Beth Gibbons & Rustin Man : Tom The Model / Tom The Model (live) 2002 UK-Go Beat

Mit „Portishead meets Talk Talk“ kam die Gibbons/Man-LP Out Of Season vor drei Jahren in die Läden. Tom The Model war die Single zum Album. Es konnte mit einer eingängigen Melodie aufwarten und wurde wohl deshalb ausgewählt. Gleichzeitig zeigt der Song aber auf kleinem Raum sehr schön die wunderbare musikalische Arbeit der beiden. Sehr fein austarierte Sounds, die sich überlagern (das in der Tradition von Talk Talk) bei gleichzeitiger Offenheit im Songwriting mit sehr schönen Vocals.
Spannend wird die Single zudem durch ihre Live-Rückseite, bei der auf elektronische Sounds weitgehend verzichtet wurde. Hier müssen Gitarre, Keyboard (es ist wohl kein echtes Harmonium da auf der Bühne) und Drums die Studioideen realisieren und das gelingt ausgesprochen gut. Wenn moderne Keyboard-Elektronik so songdienlich und sparsam eingesetzt wird, bekommt man geradezu Lust auf mehr.
(·) Wie fast alle 7“ aus den letzten Jahren wohl nur in kleinerer Auflage erschienen.

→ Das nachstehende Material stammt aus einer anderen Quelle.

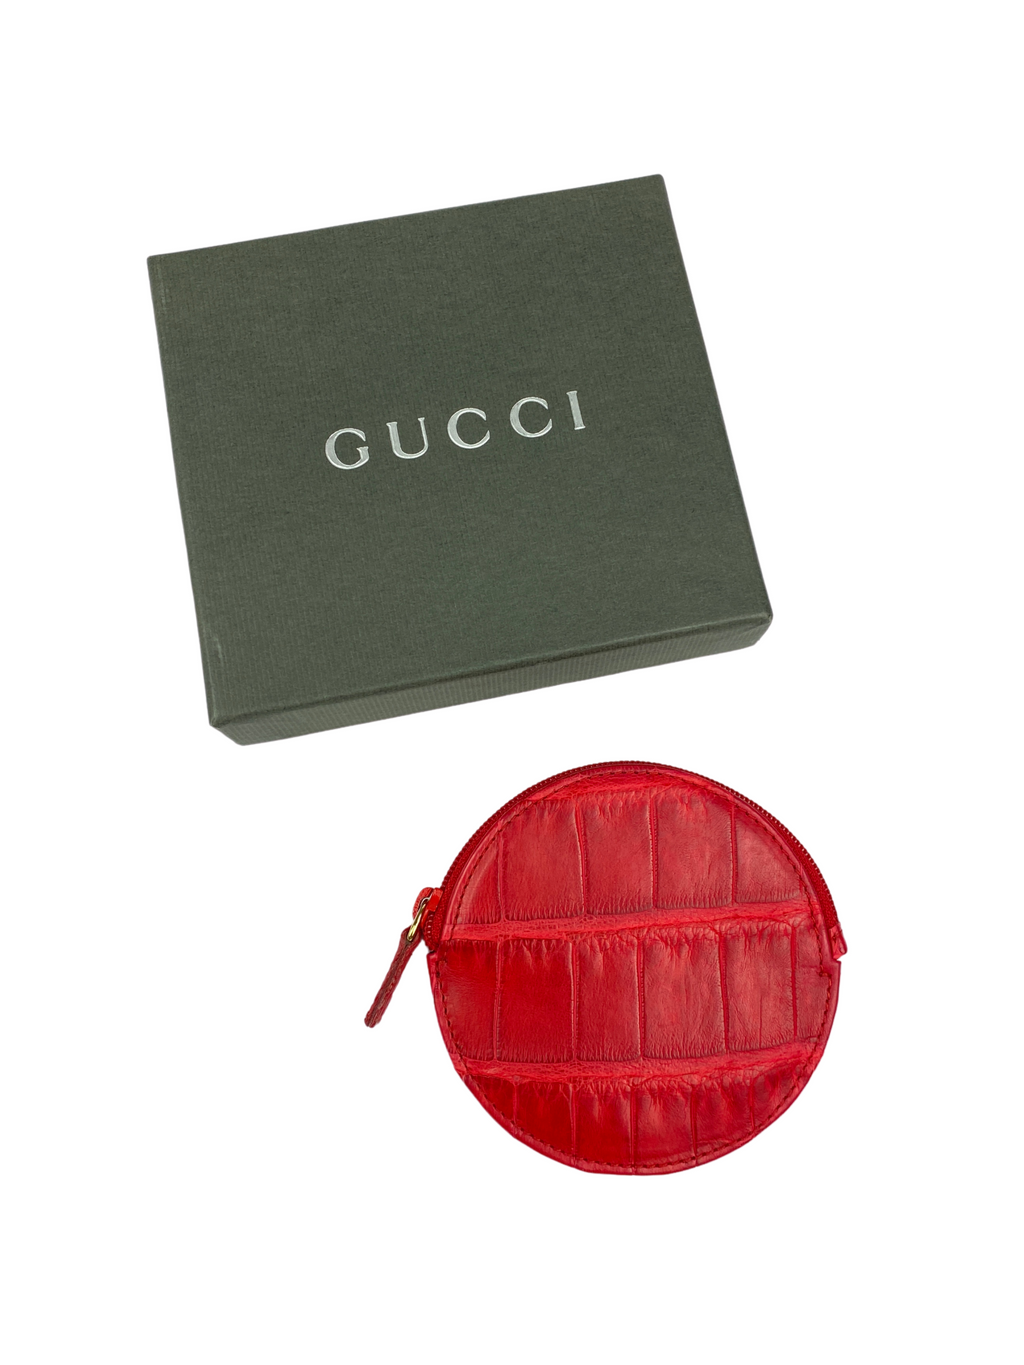 GUCCI - RED CROC EMBOSSED LEATHER COIN CASE

Blondie : X Offender / Man Overboard 1978 D-Chrysalis

Habe mir diese erste Blondie-Single damals leider nur Second Hand gekauft, wie man an dem wol oben leicht sieht. So etwas würde mir heute nicht mehr passieren.
Sie ist mir Blondie´s liebste. Eine ganz großartige Platte mit allem, was Blondie damals ausmachte. Bezwingender, aber durchsichtig lockerer Drive mit zupackendem Beat, klasse Melodien und Debbie Harry´s Stimme, die so ganz leicht belegt klingt, waren damals musikalisch eine neue Welt. Es fehlte jeder Rockappeal, es war weder Punk, noch Rock, sondern etwas wunderbar Neues mit einer Sängerin, auf die man im Grunde schon ewig gewartet hatte: New Wave mit einer Art Marilyn des Pop.
Die Rückseite des Single-Sleeves beschreibt es so: „Wenn man sich einen riesigen Trichter vorstellt, in den man die Musik der SHANGI-LAS-THE VENTURES-CHRYSTALS (sic!)-RONETTS(!!) plus einer Prise BEACH BOYS hineinschüttet, kräftig schüttelt (den Trichter?) und mixt, als Endprodukt käme dabei BLONDIE heraus.“
(·) Es gab wohl zwei Ausgaben dieser Single. Da müssen aber jetzt Tops oder Mikko weiterhelfen. Über die erste Auflage (ohne den Musikladen-Aufdruck und ohne den Text auf der Rückseite) weiß ich nämlich nicht Bescheid. War sie nicht auf dem Red Star-Label, wie auch die erste Suicide-LP? Beide Ausgaben sind nicht allzu häufig, die andere aber wohl noch deutlich seltener und auf meiner Want-List ziemlich weit oben.